The data >>
————
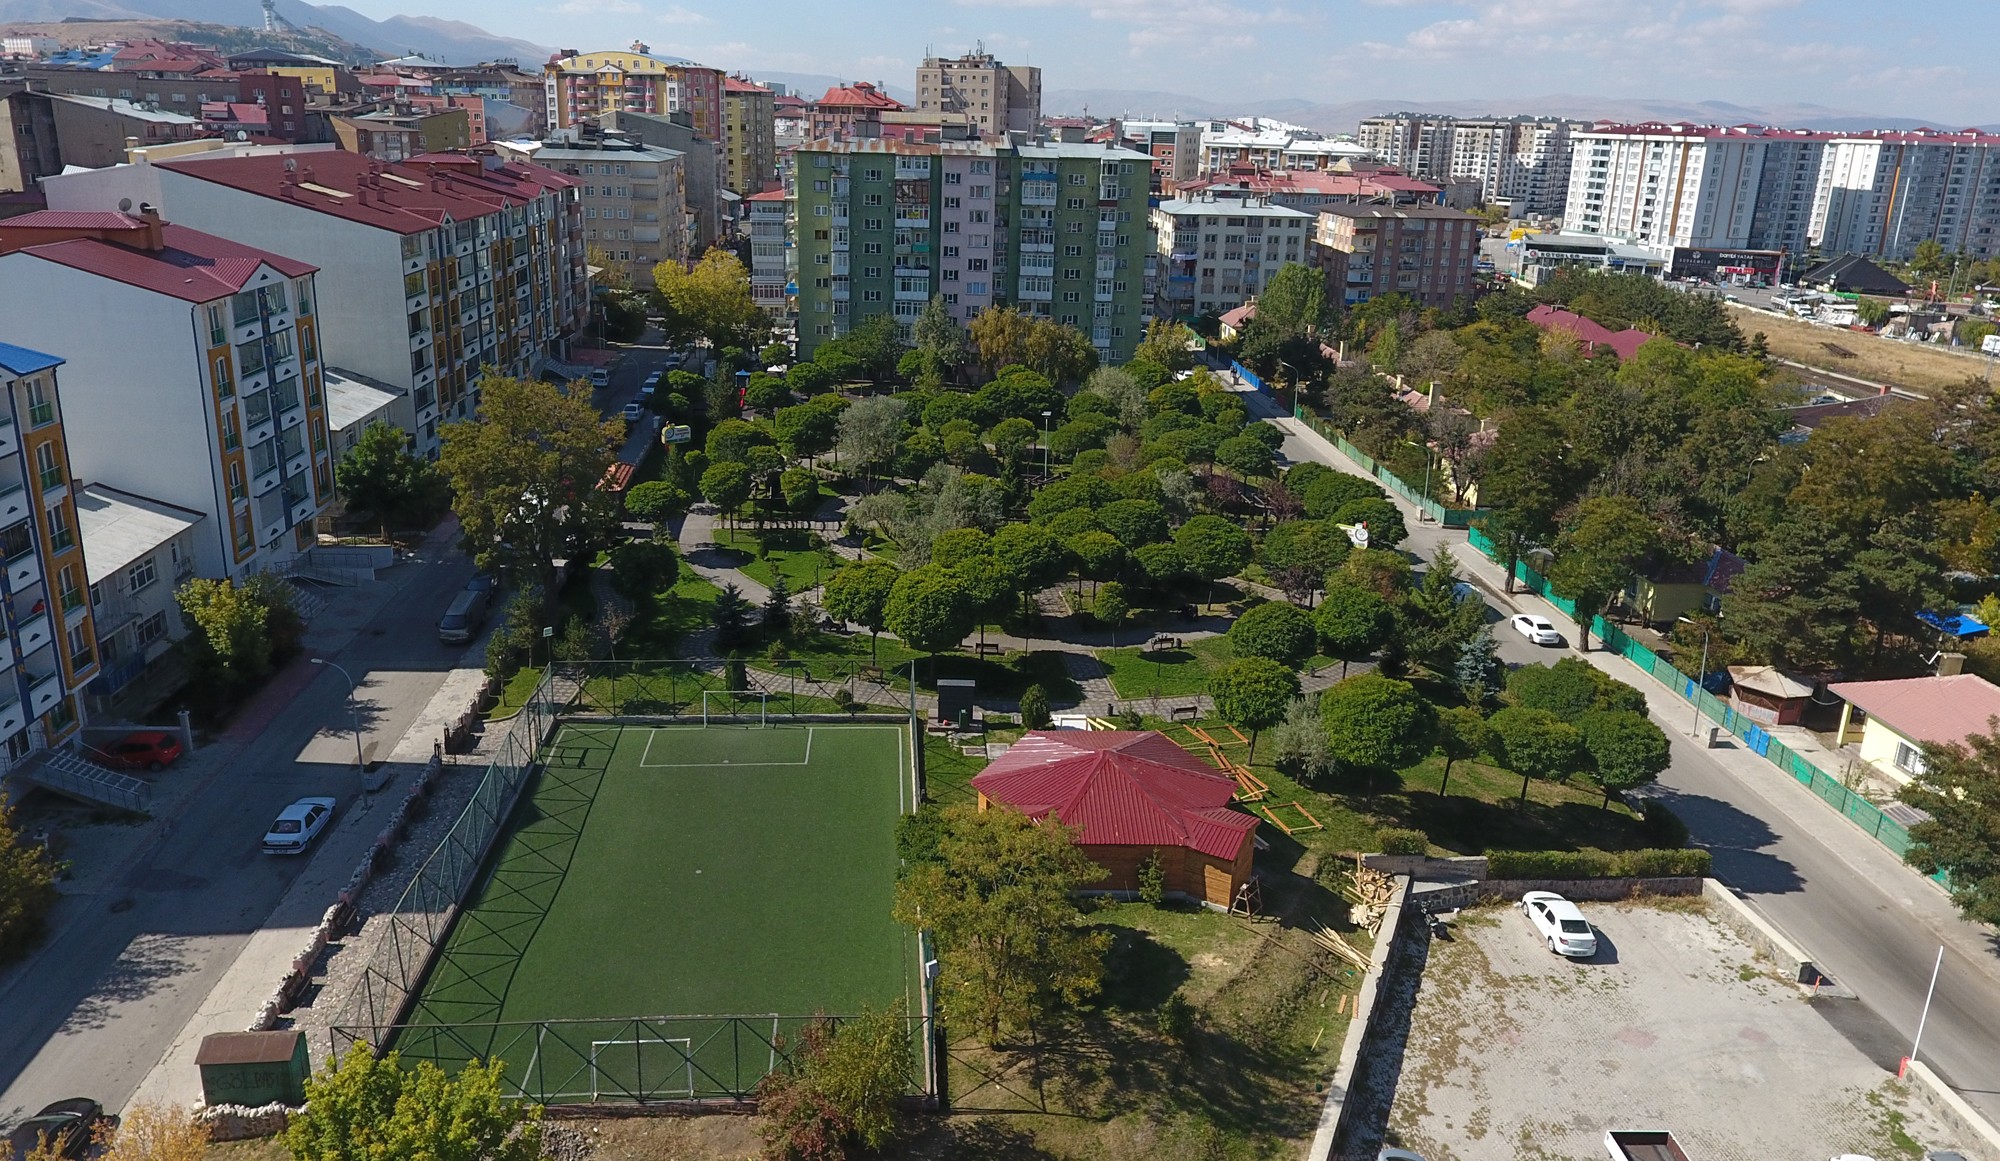 Muhsin Yazıcıoğlu Parkı’na yepyeni çehre
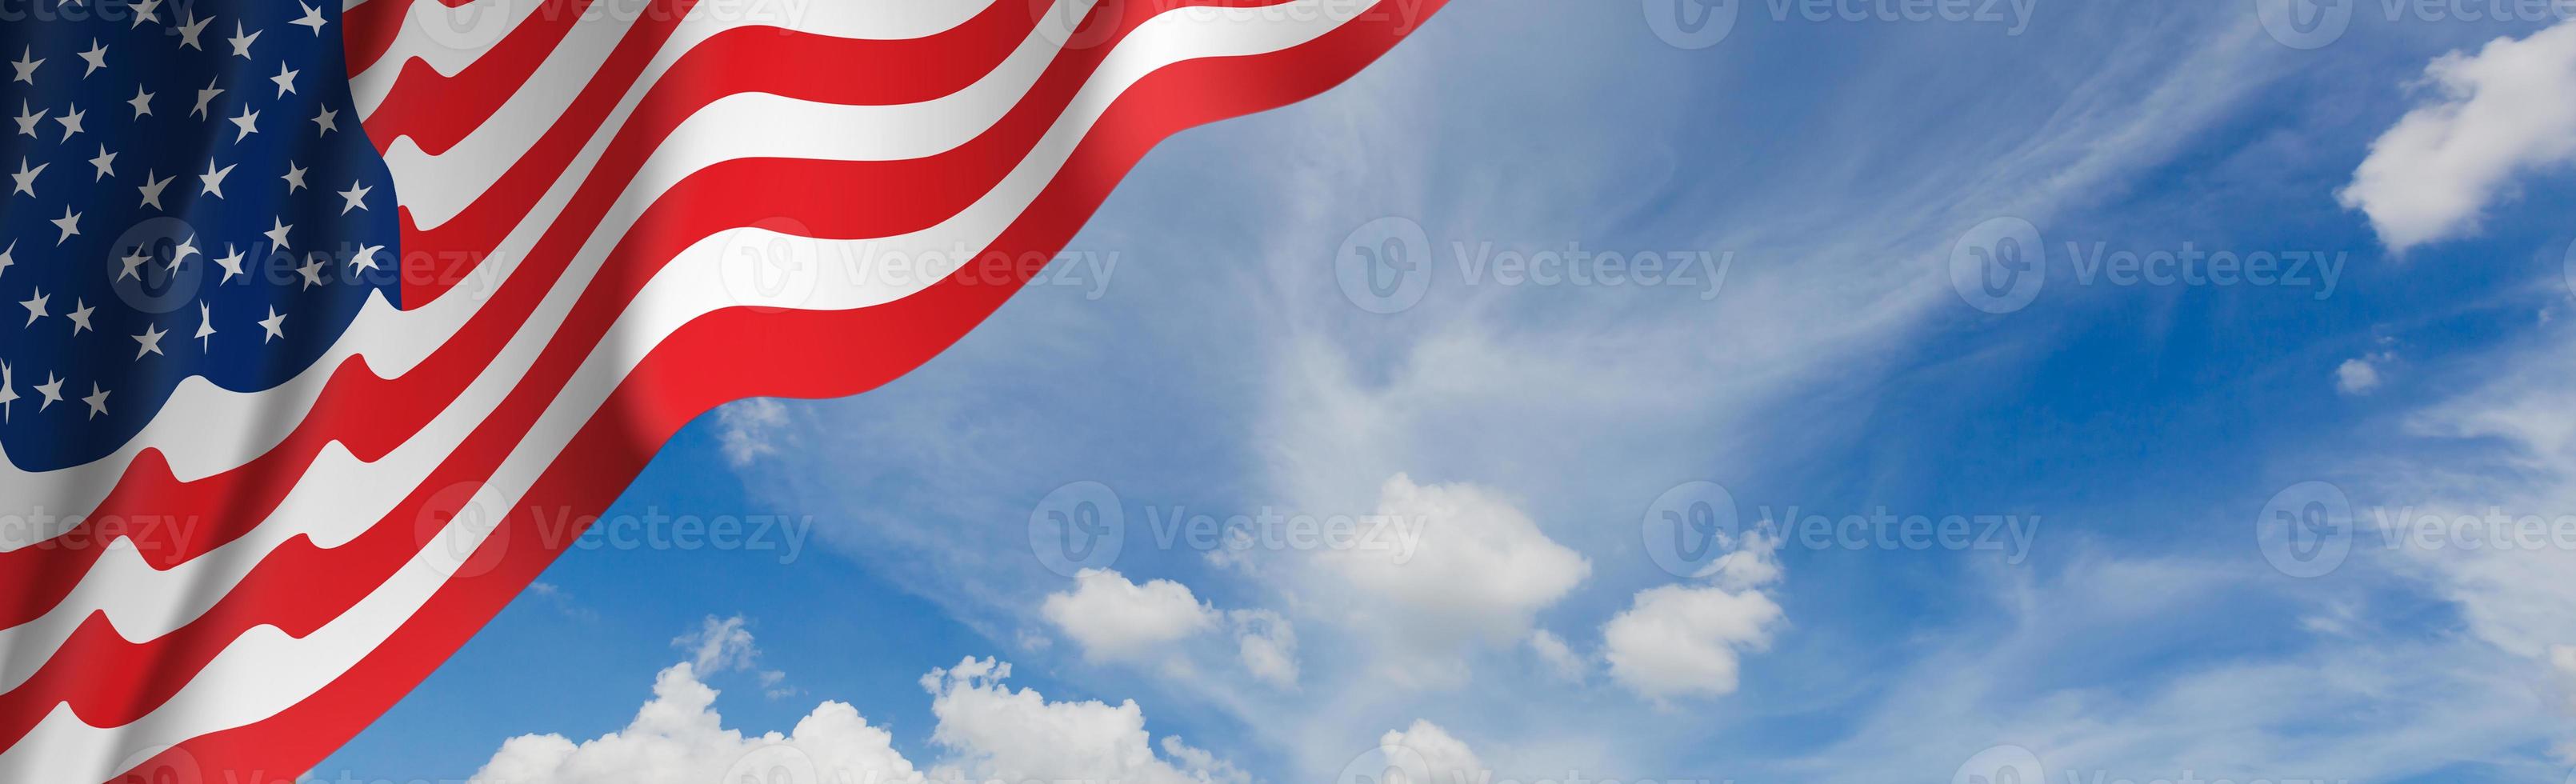 oss amerikanska flaggan foto
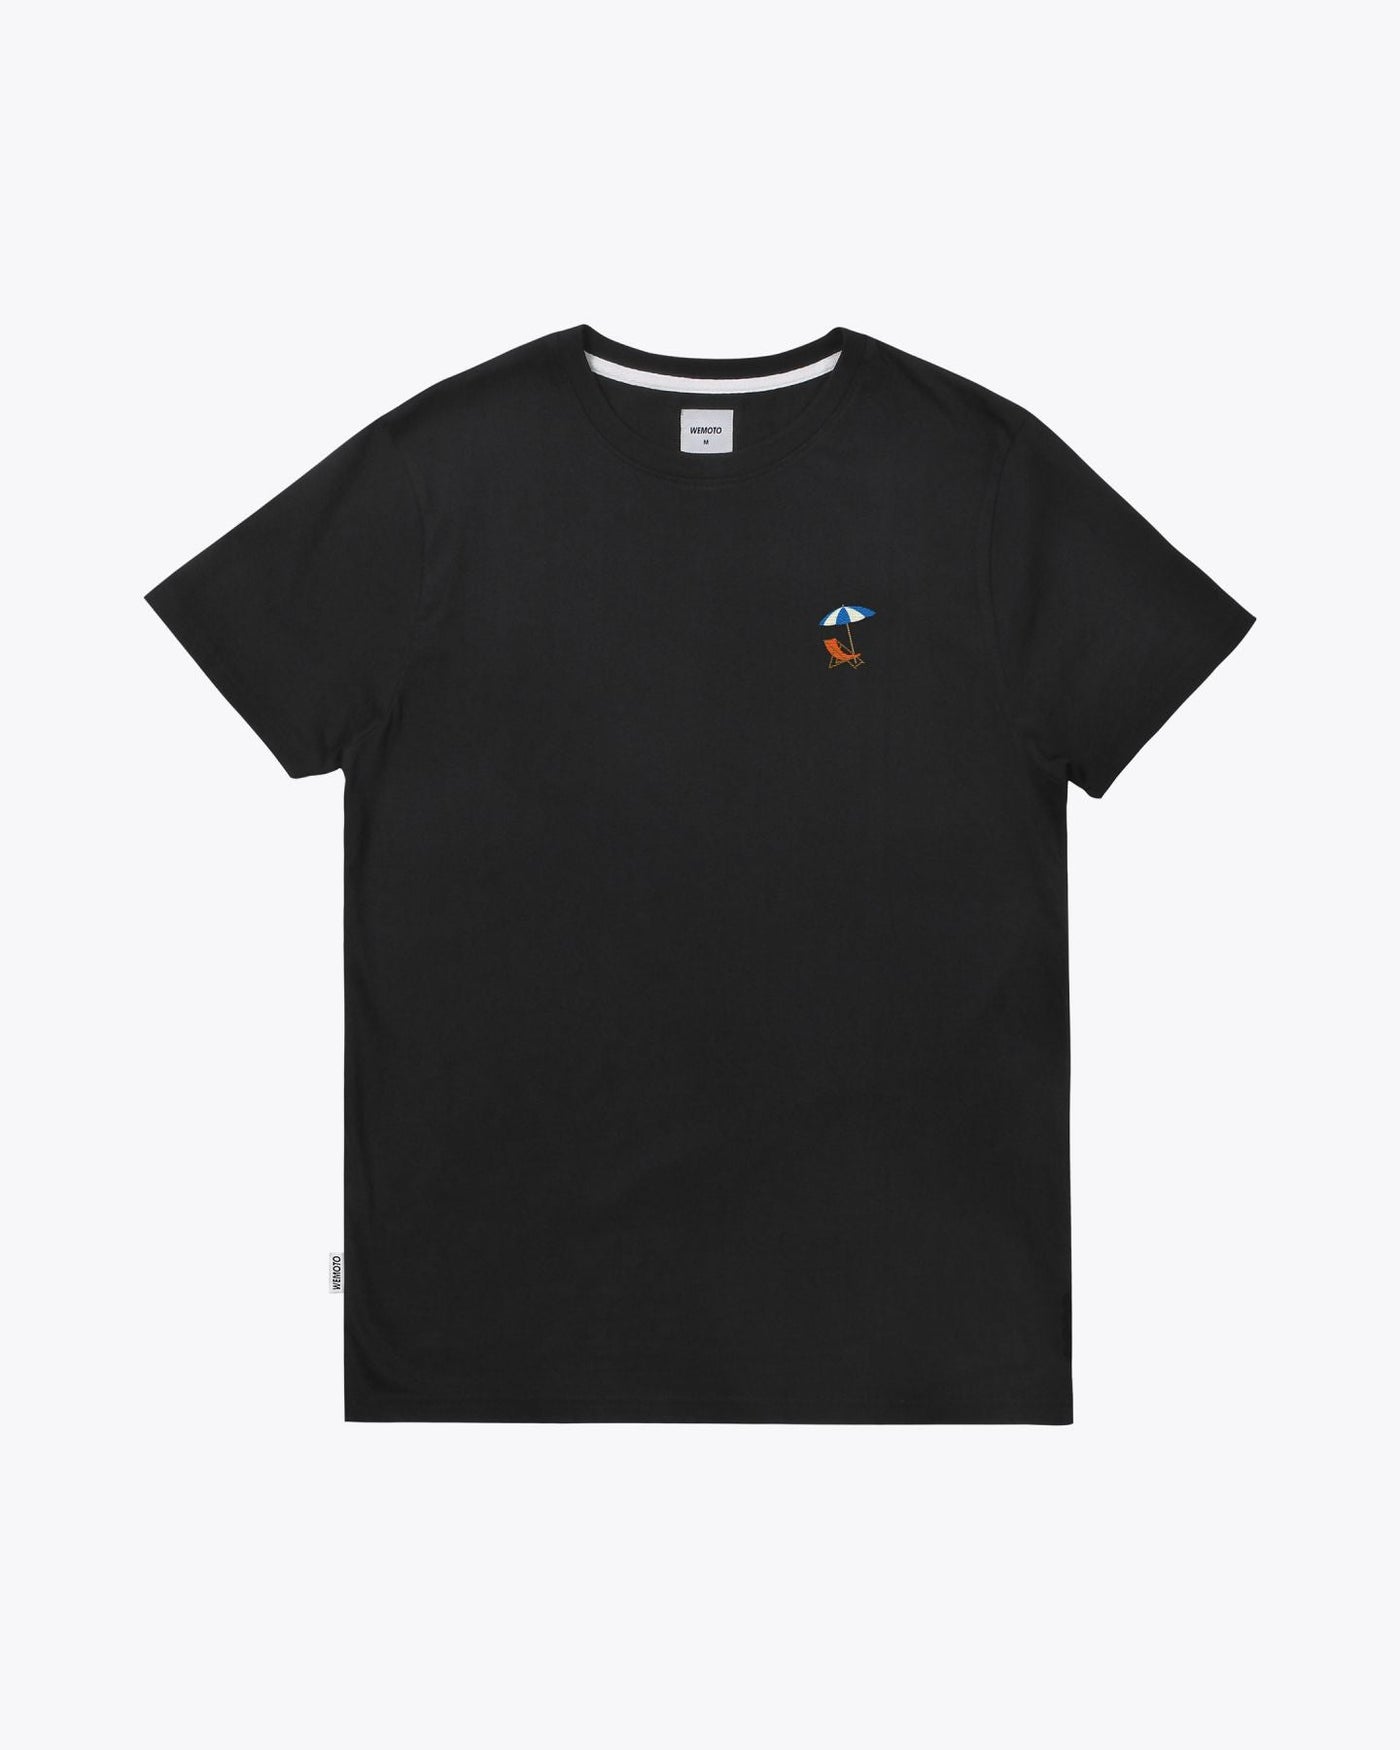 Wemoto T-shirt Beach Tee - Embroidered T-Shirt Black
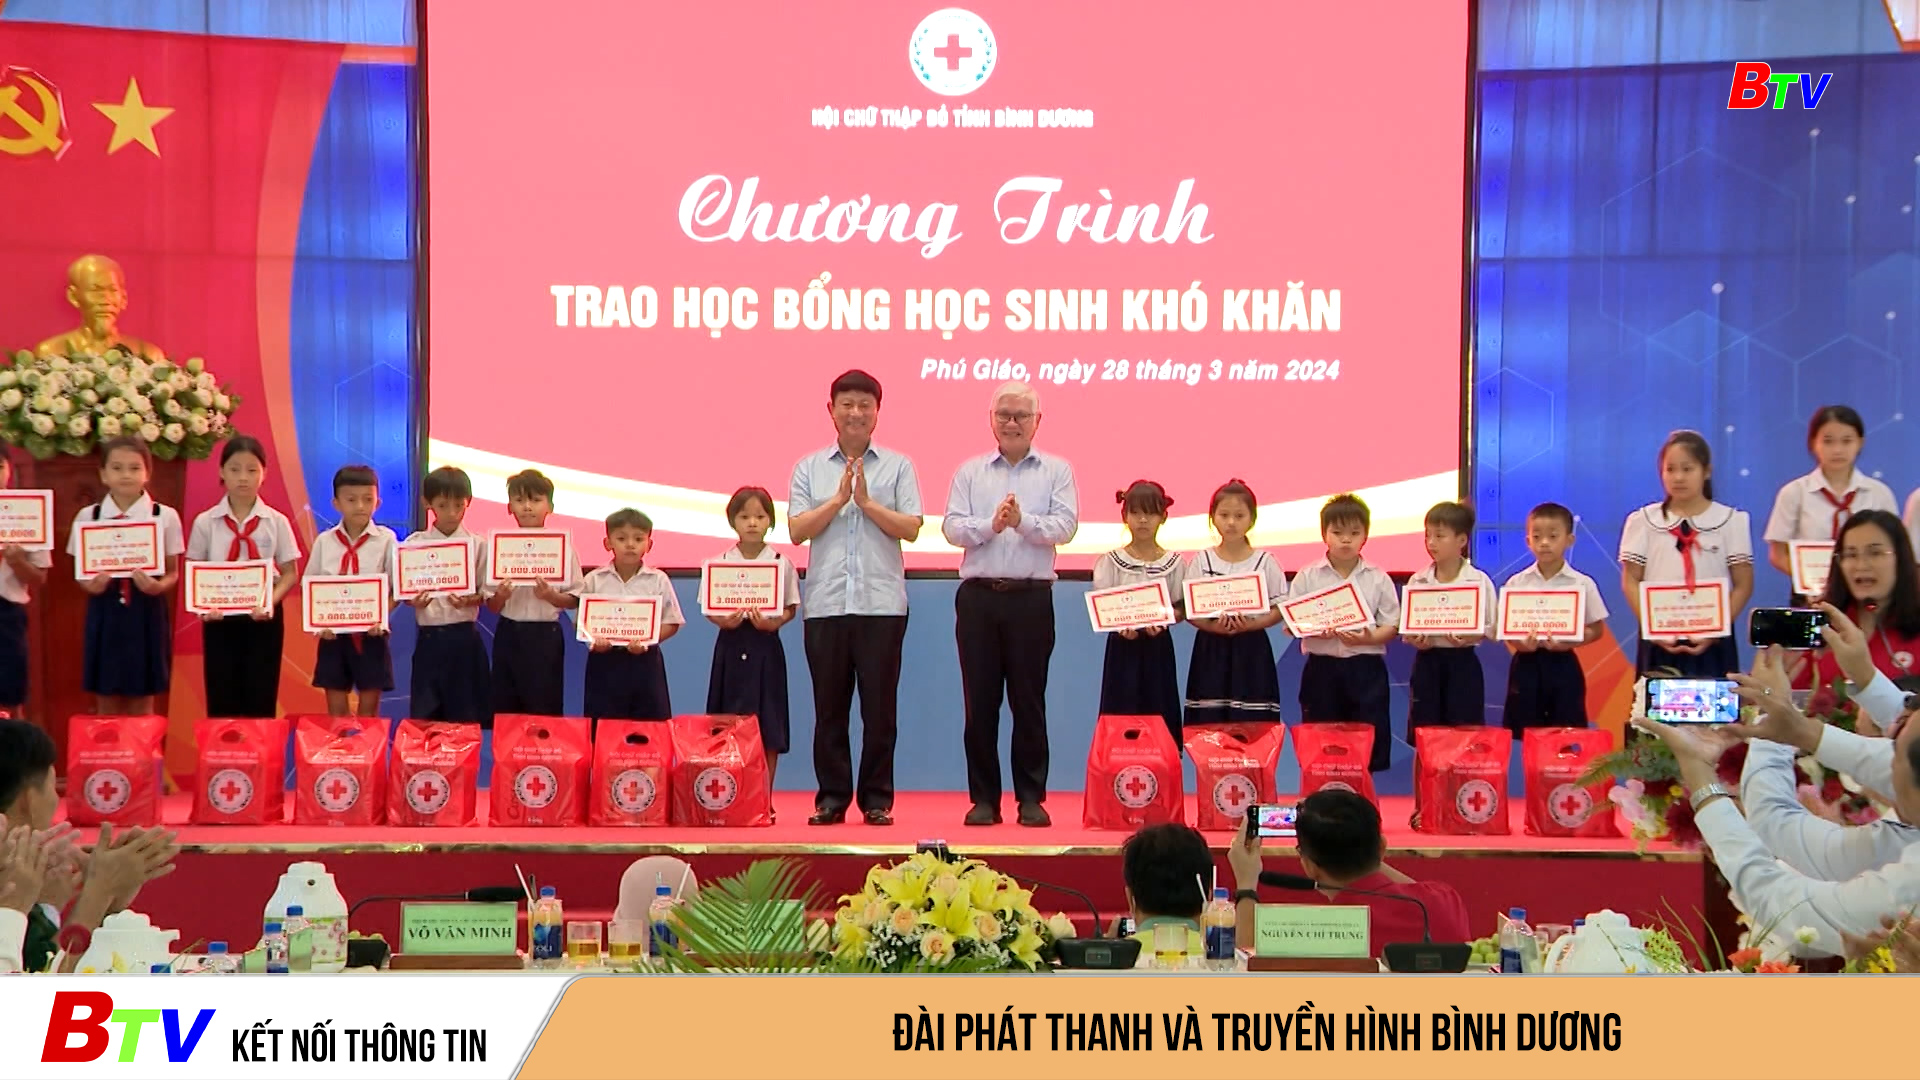 Trao học bổng tặng học sinh khó khăn ở Phú Giáo
————
Your goal >>
Pictures are skipped here. Print exactly, and only, the lines from the one holding "oss amerikanska flaggan foto" through the final line of the material above, both ends included.

Worked solution >>
 oss amerikanska flaggan foto
 Wemoto T-shirt Beach Tee - Embroidered T-Shirt Black
 Trao học bổng tặng học sinh khó khăn ở Phú Giáo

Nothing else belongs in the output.